* PROBLEM: Pictures must not appear in the copy. Restate exactly the lines below from the one with "Lesso yangming bipv" through the one with "Corsage inspirierte Pin, Braut", inclusive.

* RECORDS:
────────────────
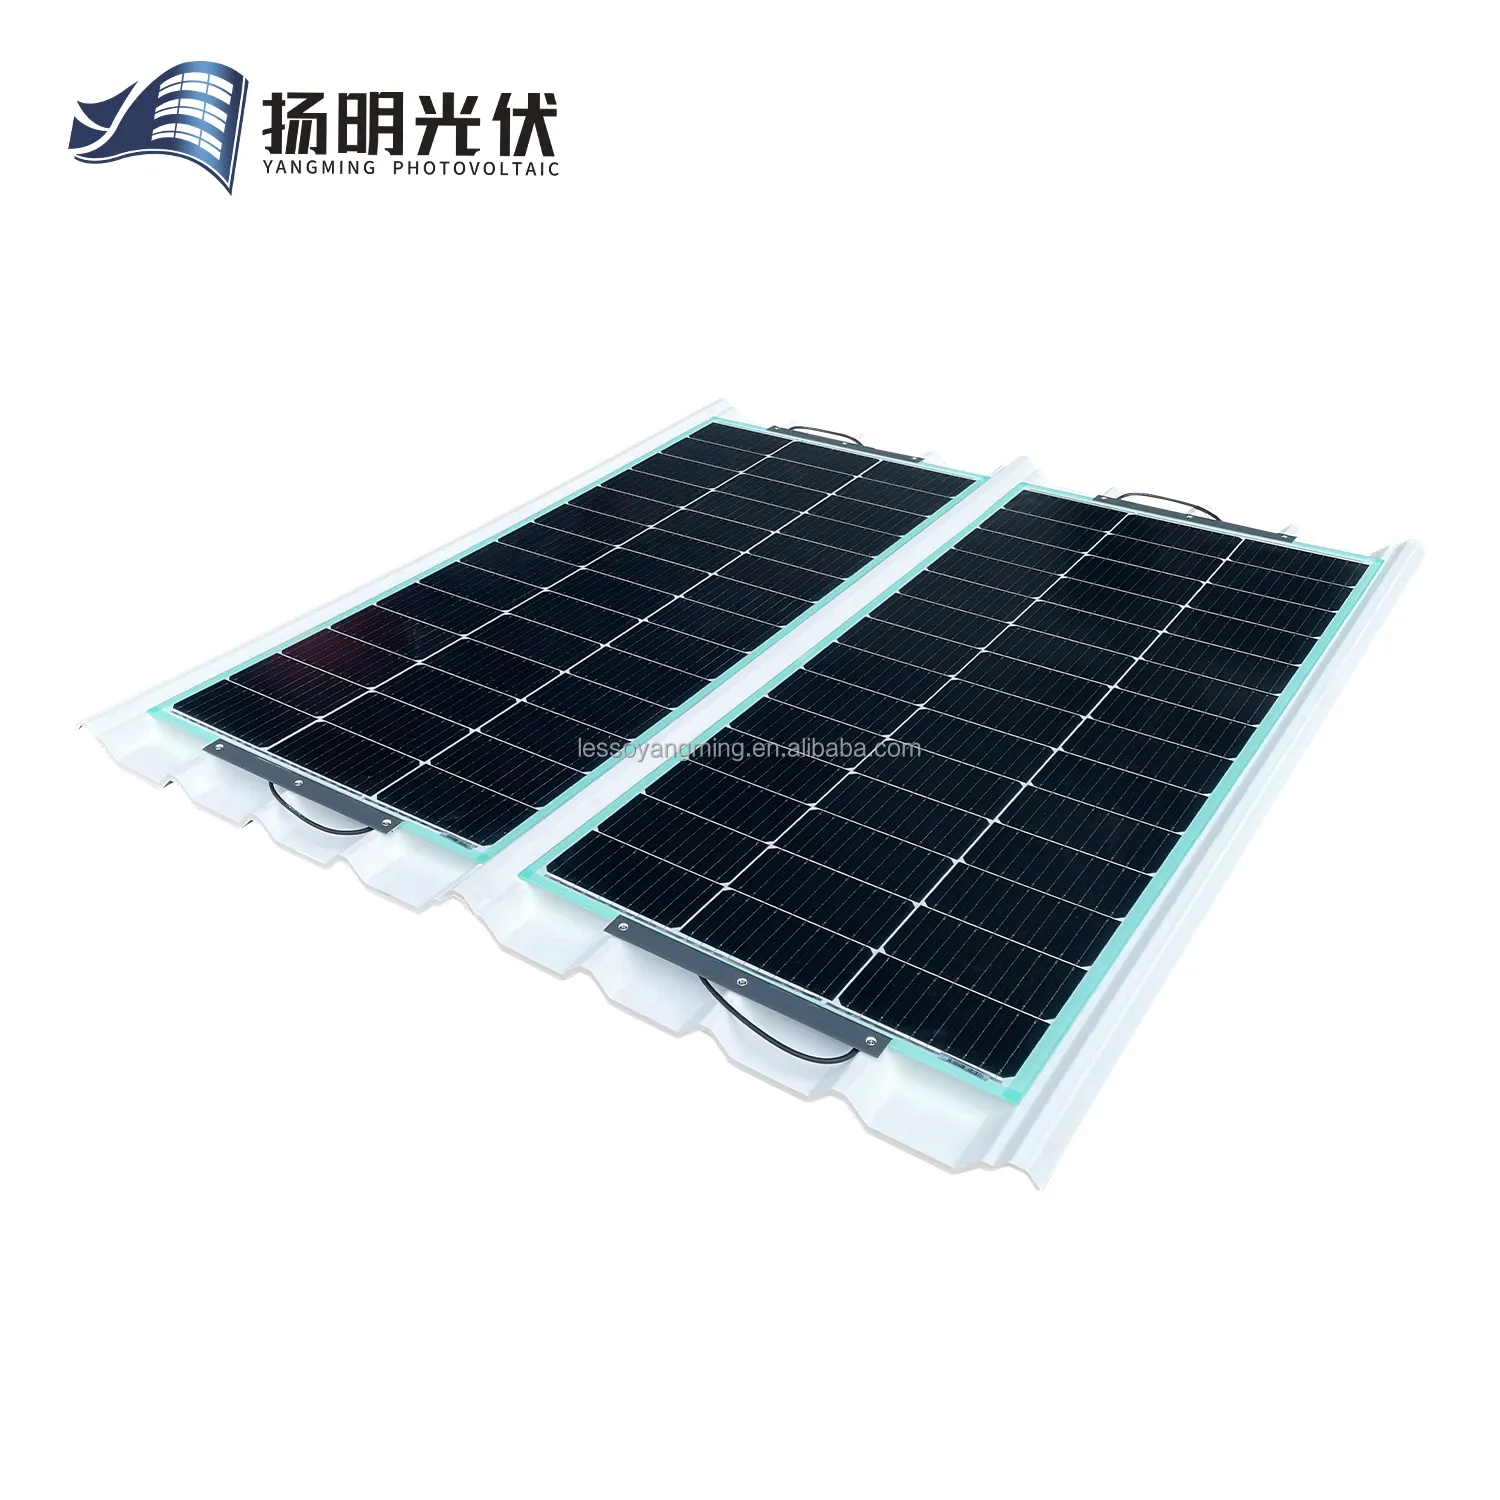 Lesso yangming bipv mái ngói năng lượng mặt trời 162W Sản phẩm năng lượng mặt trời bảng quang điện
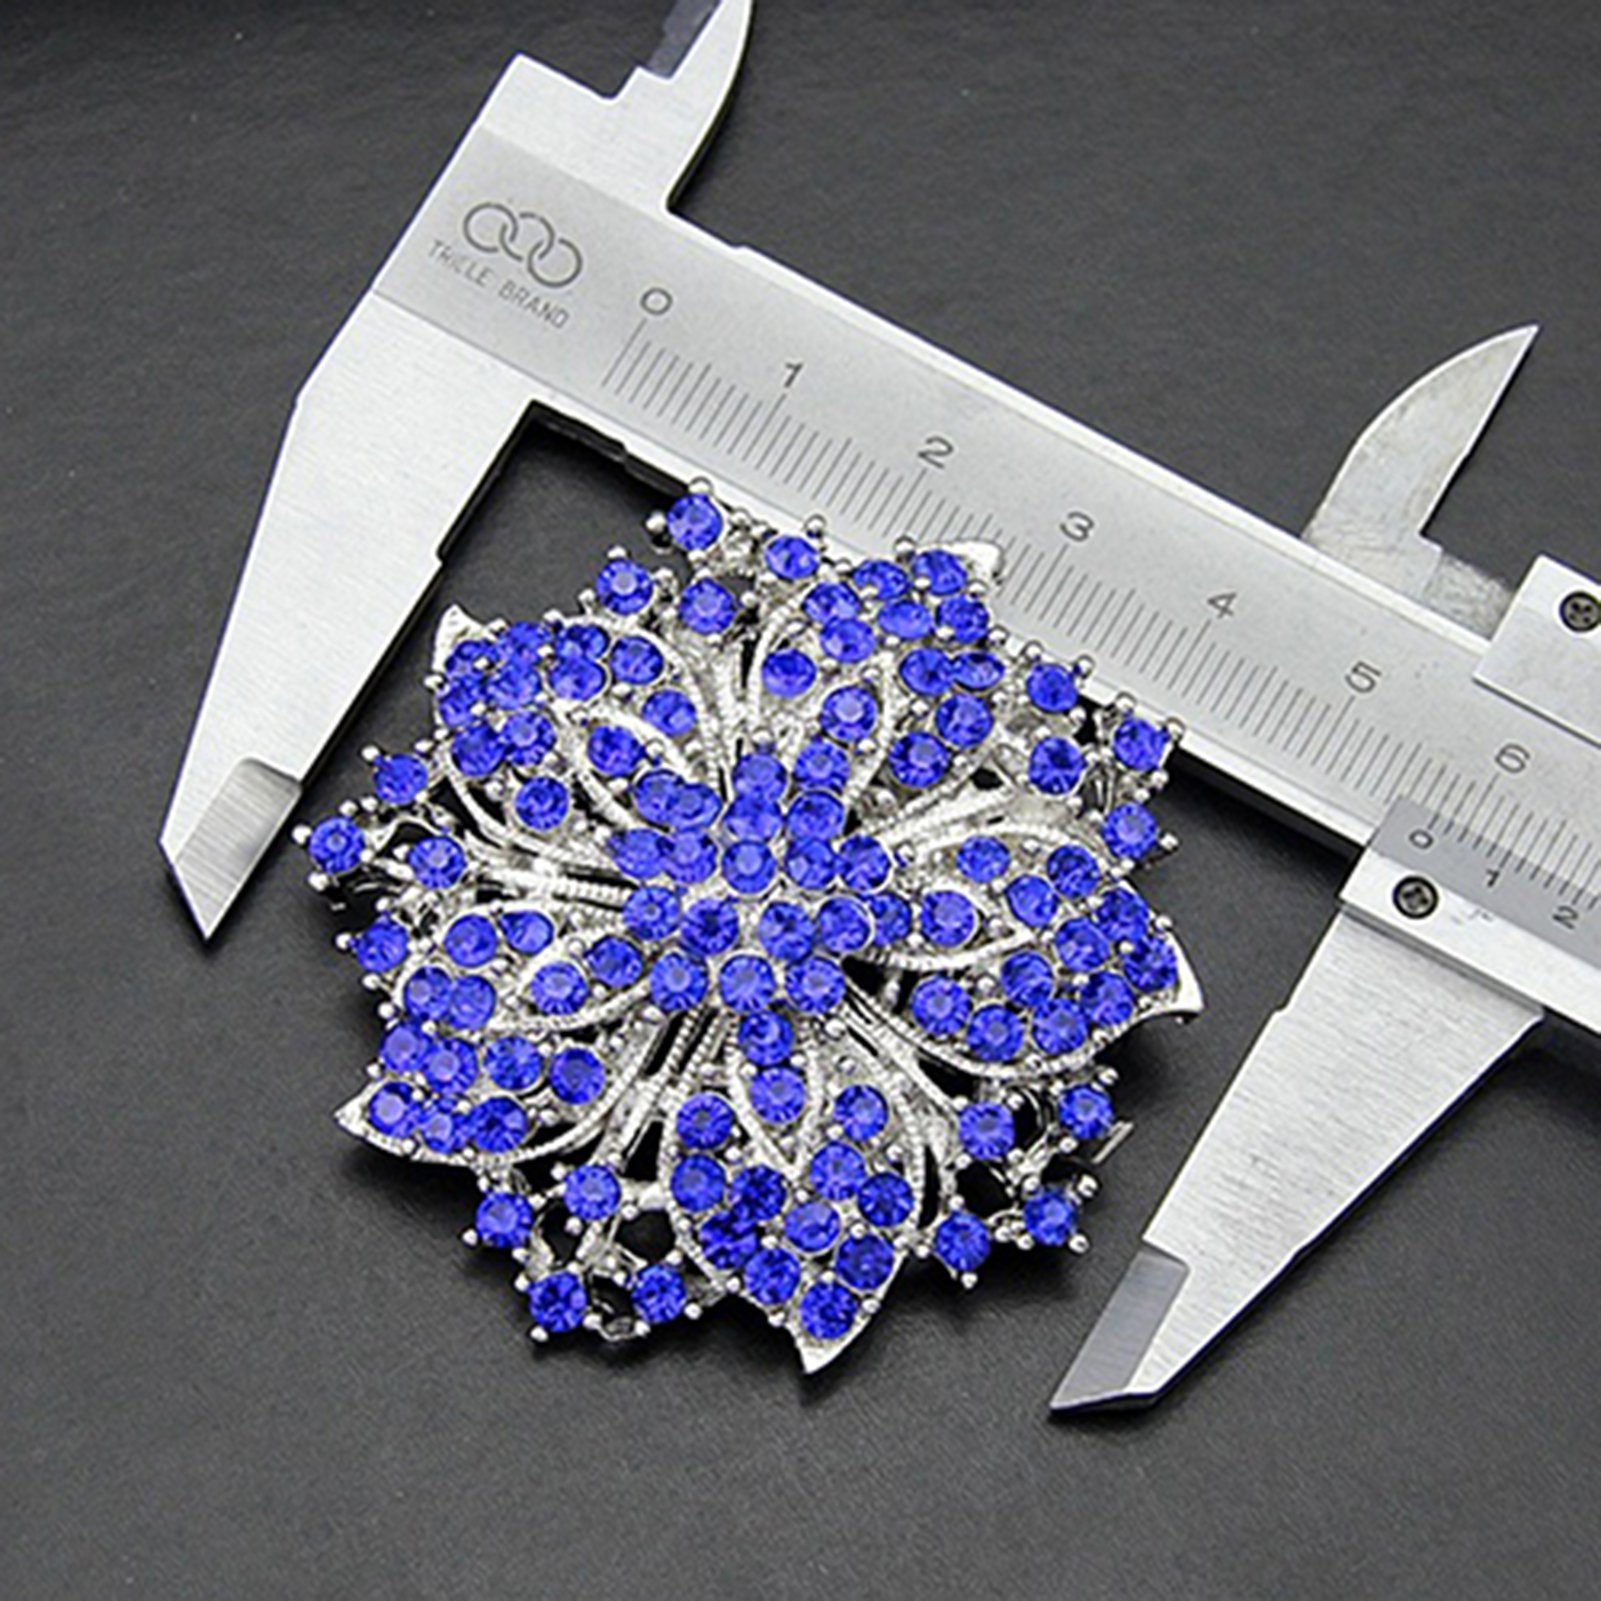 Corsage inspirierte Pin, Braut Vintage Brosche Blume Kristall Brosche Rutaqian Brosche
────────────────
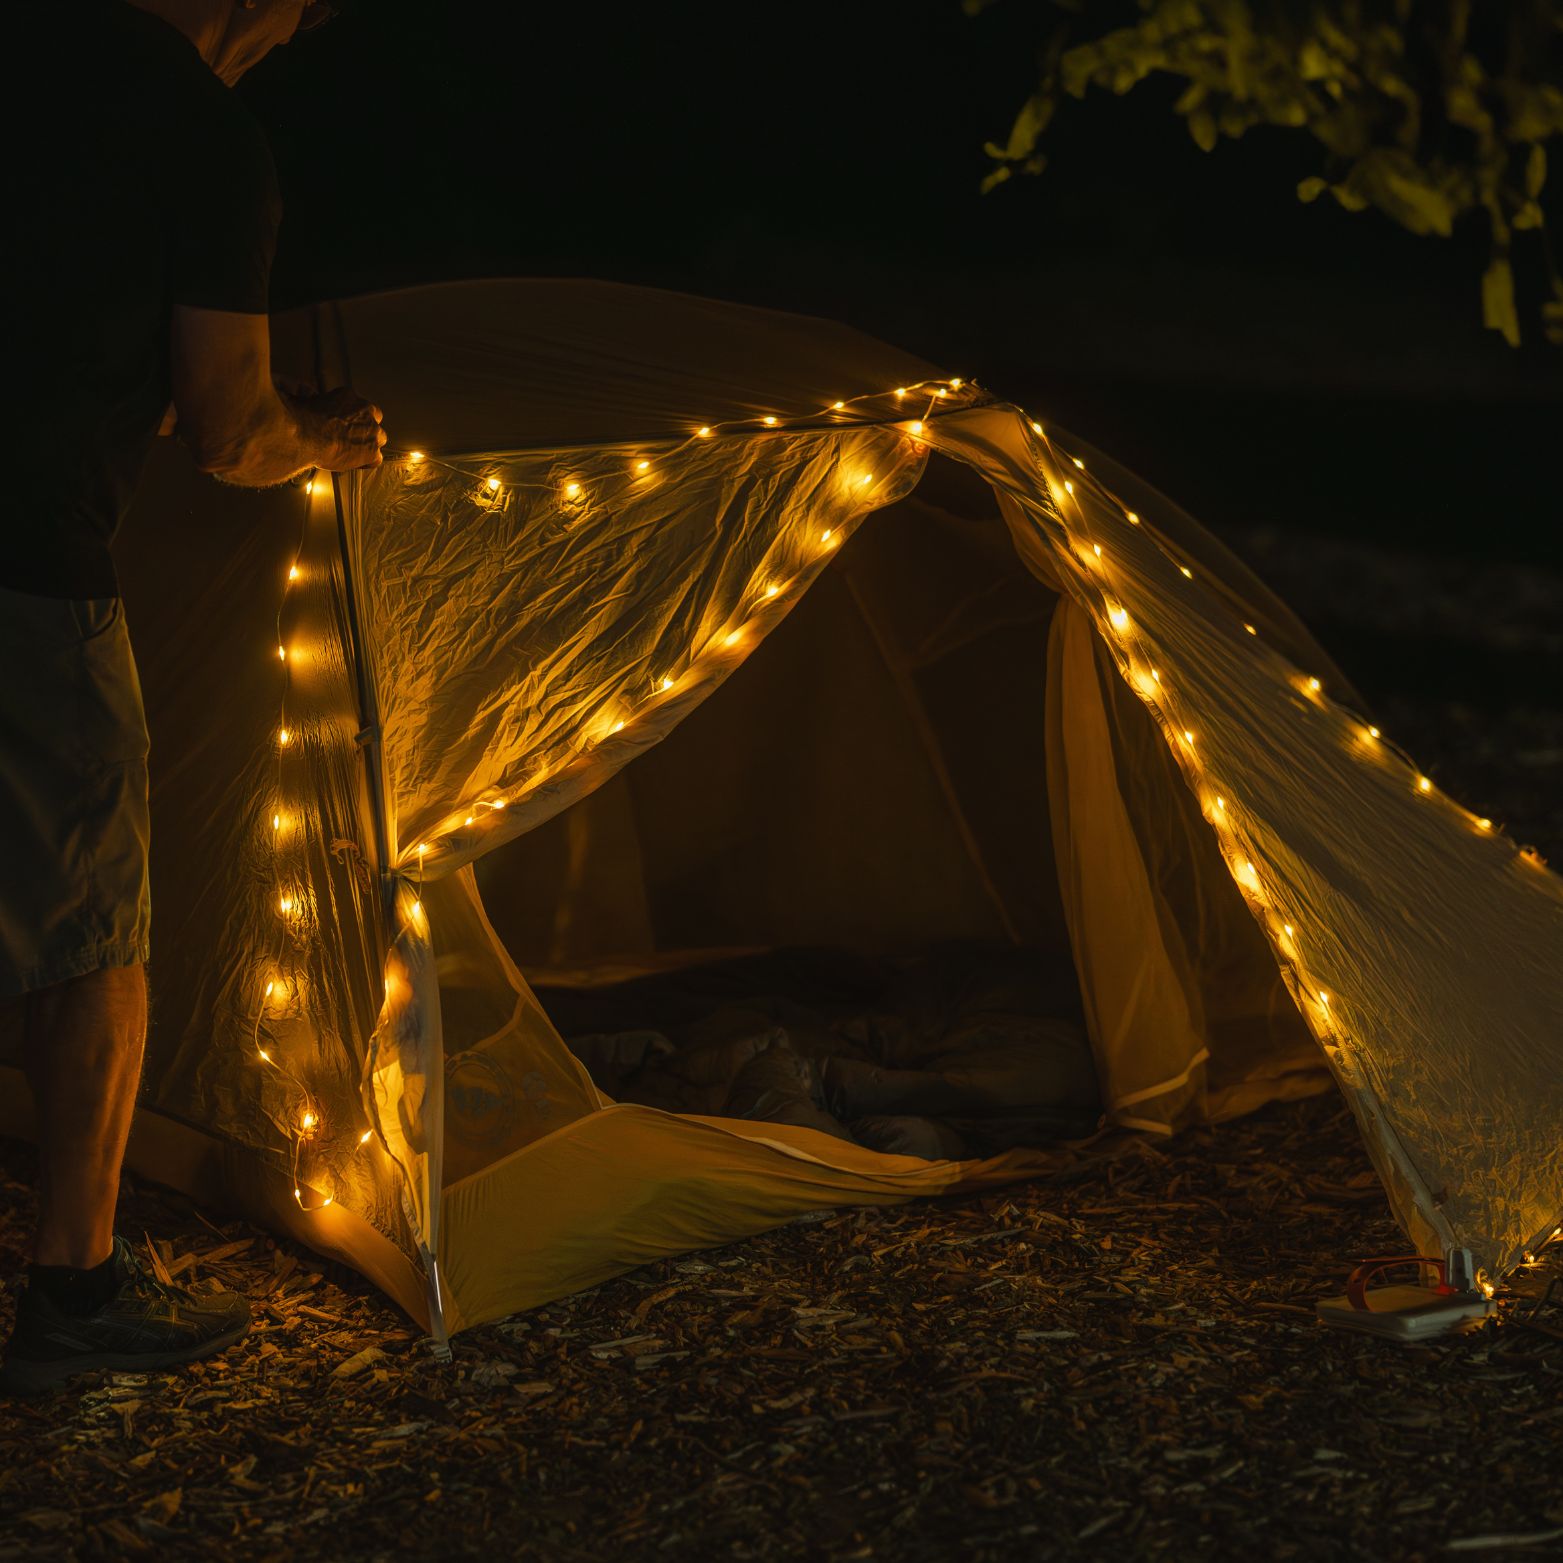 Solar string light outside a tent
────────────────
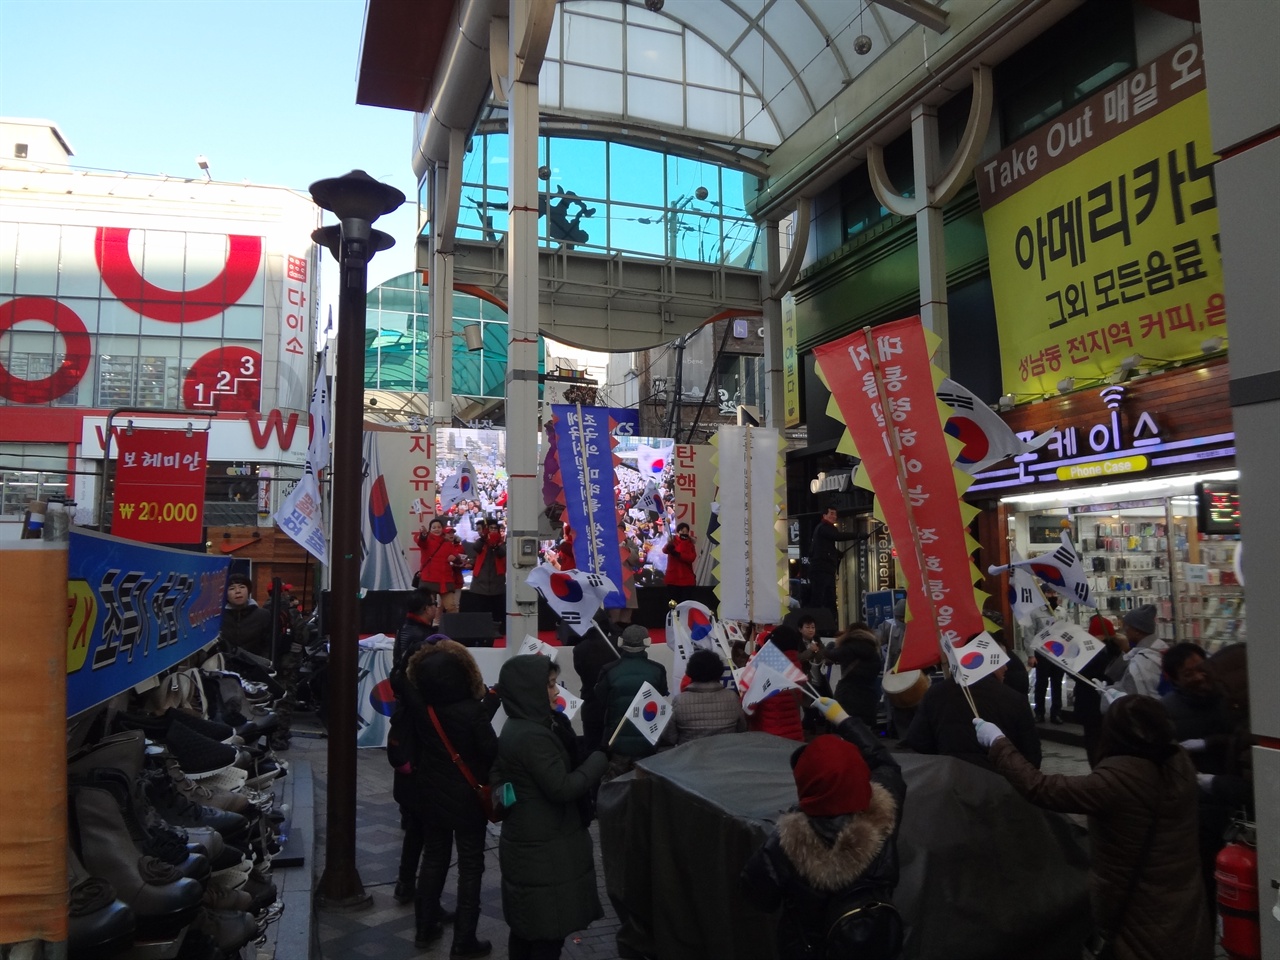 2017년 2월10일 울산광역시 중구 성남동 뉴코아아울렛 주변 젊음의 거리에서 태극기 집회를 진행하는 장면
────────────────
* RESULT:
 Lesso yangming bipv mái ngói năng lượng mặt trời 162W Sản phẩm năng lượng mặt trời bảng quang điện
 Corsage inspirierte Pin, Braut Vintage Brosche Blume Kristall Brosche Rutaqian Brosche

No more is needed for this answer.